How model routing actually picks a model LLM

What it is. The chain for debugging "which model answered." The dashboard model catalog (models/providers tables) maps a dashboard-facing model id to a provider plus an upstream model string; the resolve endpoint enriches it with credentials and the context window; the agent's provider switch consumes the result.

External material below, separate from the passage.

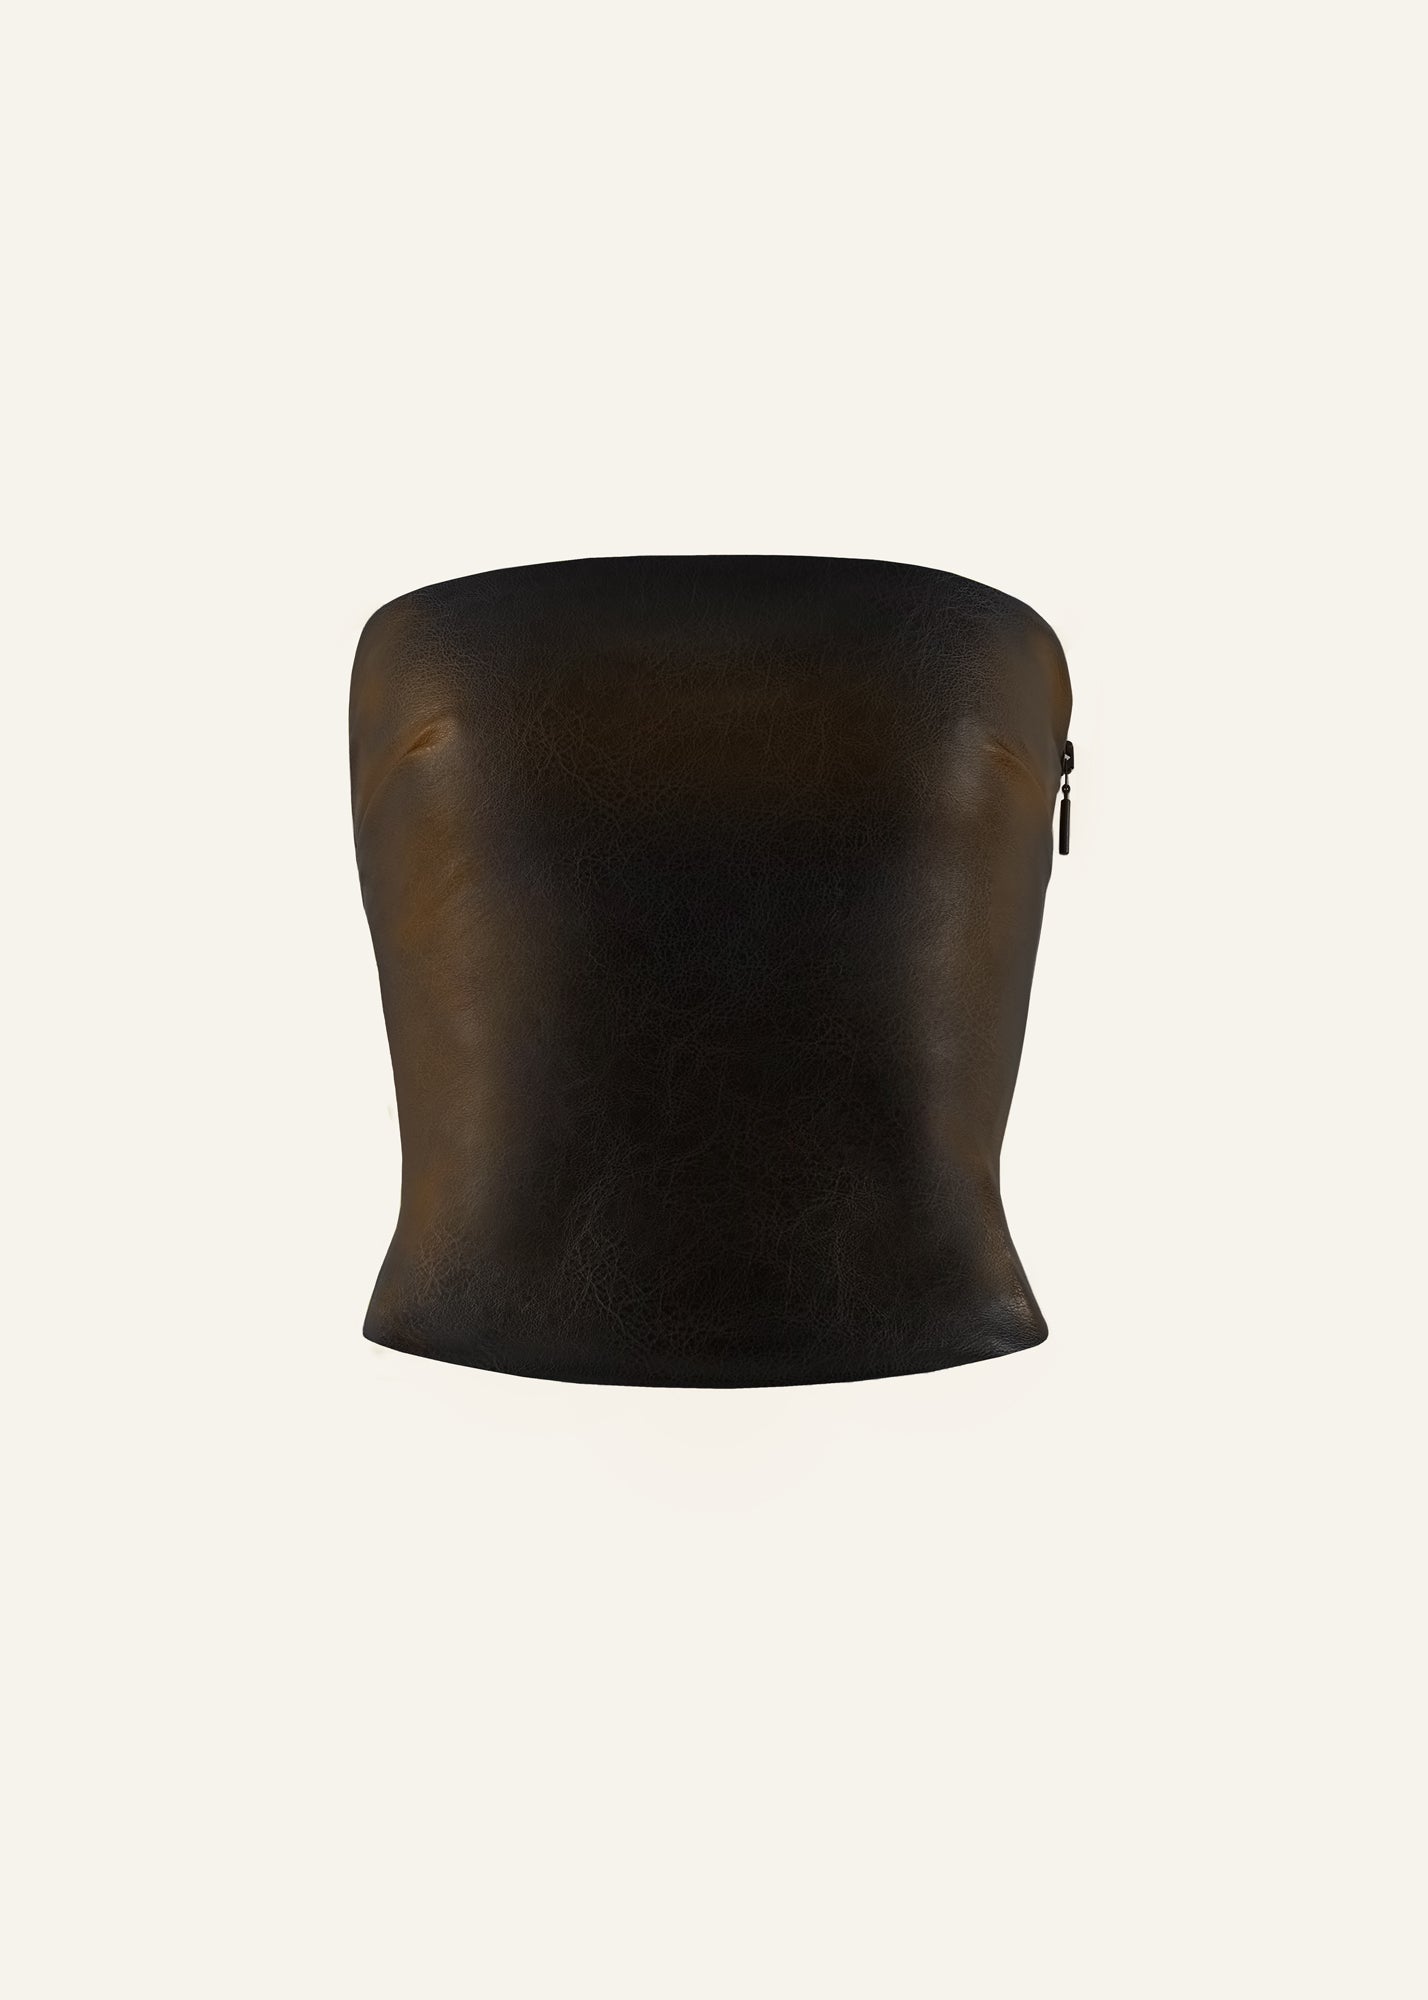 Product photo of a brown vegan leather tube top

freya-dashboard src/db/schema/models.ts resolve api/agent/v1/resolve/route.ts:18-91 switch base_service.py:355-545

Runtime effect. enrichServiceConfig() attaches catalogModel, baseUrl, credentials and maxContextWindow (resolve route.ts:18-91); the agent's provider switch reads those (base_service.py:355-545). Three silent overrides bend the rule that "the dashboard model picks the model":

On-prem master override — is_on_premise forces env LLM_URL/LLM_MODEL/LLM_API_KEY regardless of dashboard config (base_service.py:422-434). On an on-prem box the dashboard model choice is decorative.
Simulation override — sims force non-Freya providers to the self-hosted model (base_service.py:1131-1150), so sim latency measures the self-hosted stack, not the configured cloud model.
Fallback LLM race — with Fallback LLM (additionalSettings.fallbackLlmEnabled) on, a Gemini 2.5 Flash backup races the primary via ParallelPipeline; it is released only if the primary streams nothing within ttfbTimeoutSeconds (default 1.0 s, boot_steps.py:1965-1998). Converts provider P99 stalls into a bounded ~1 s + Gemini-TTFT worst case. Skipped on-prem.

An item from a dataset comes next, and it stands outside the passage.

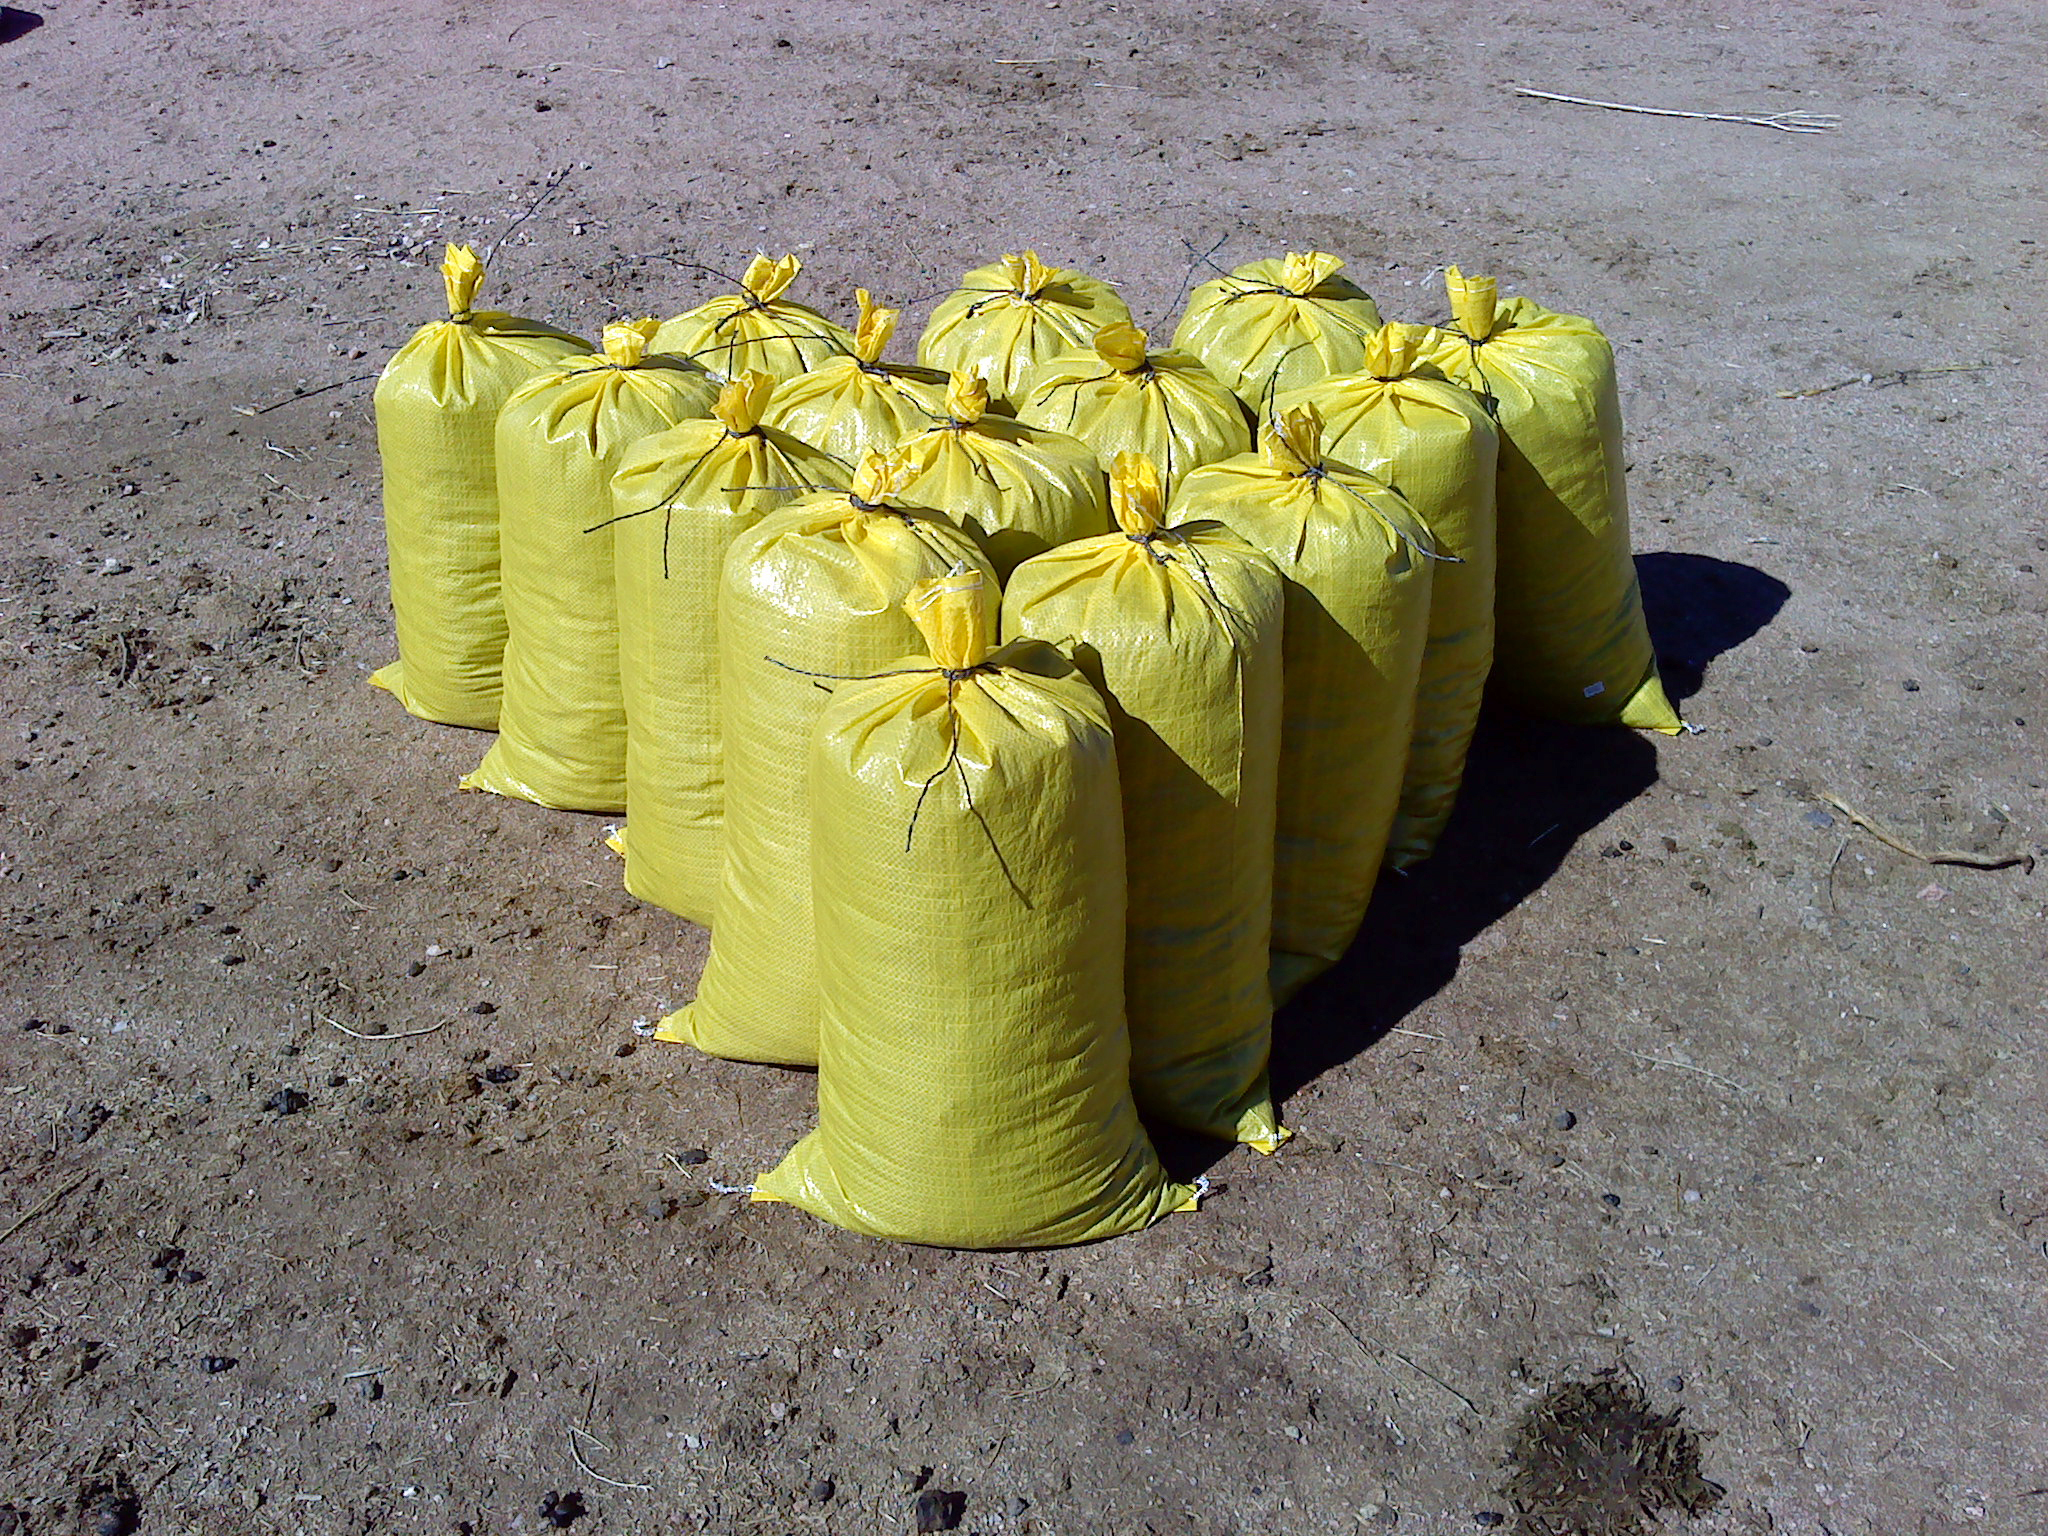 Old feed bags used to transport bulk manure

Historical footnote — do not cargo-cult freya-235b-enhanced was a branded alias that rewrote to provider=openai, model=gpt-4.1 + priority tier (added PR #406 2026-03-17, removed PR #803 2026-05-19, catalog-collapsed by the 2026-05-22 models_unify migration). No runtime consumer exists today.

Symptom it explains: "the dashboard says model X but the latency / token rate looks like model Y." Check the three overrides before blaming the catalog.

Step 35

The model picker IS the latency dial LLM

What it is. Experiment 1 ran the same ~1.1K-token prompt, the same code, streaming, across 19 models. The spread is an order of magnitude purely from the model pick — geography (TR-hosted vs EU vs US) and reasoning behaviour dominate.

analysis/llm-latency-benchmark/1-model-comparison/findings.md ~1.1K-token prompt, streaming

Model	TTFT P50	P95	Verdict
Ubicloud Qwen3-235B (TR)	82 ms	243 ms	fastest; server retired 2026-04-24, valid as "same-region self-hosted vLLM"
Gemma 4 31B-it (TR self-hosted)	98 ms	112 ms	most consistent (StDev 29 ms)
Freya 235B (self-hosted EU)	453 ms	651 ms	best EU
GPT-5-chat	590 ms	832 ms	best external
GPT-4o	633 ms	987 ms	solid baseline
GPT-4.1	754 ms	1200 ms	—
GPT-5.x reasoning (low)	1700–1950 ms	3000–3500 ms	not viable for voice

Same prompt, same code: 82 ms → 2.4 s purely by model pick. Reasoning models are categorically out. Real-agent overhead above raw benchmark TTFT is ~160–350 ms (extraction/routing pre-calls, per-call HTTP client, event-loop contention; findings.md:38-77).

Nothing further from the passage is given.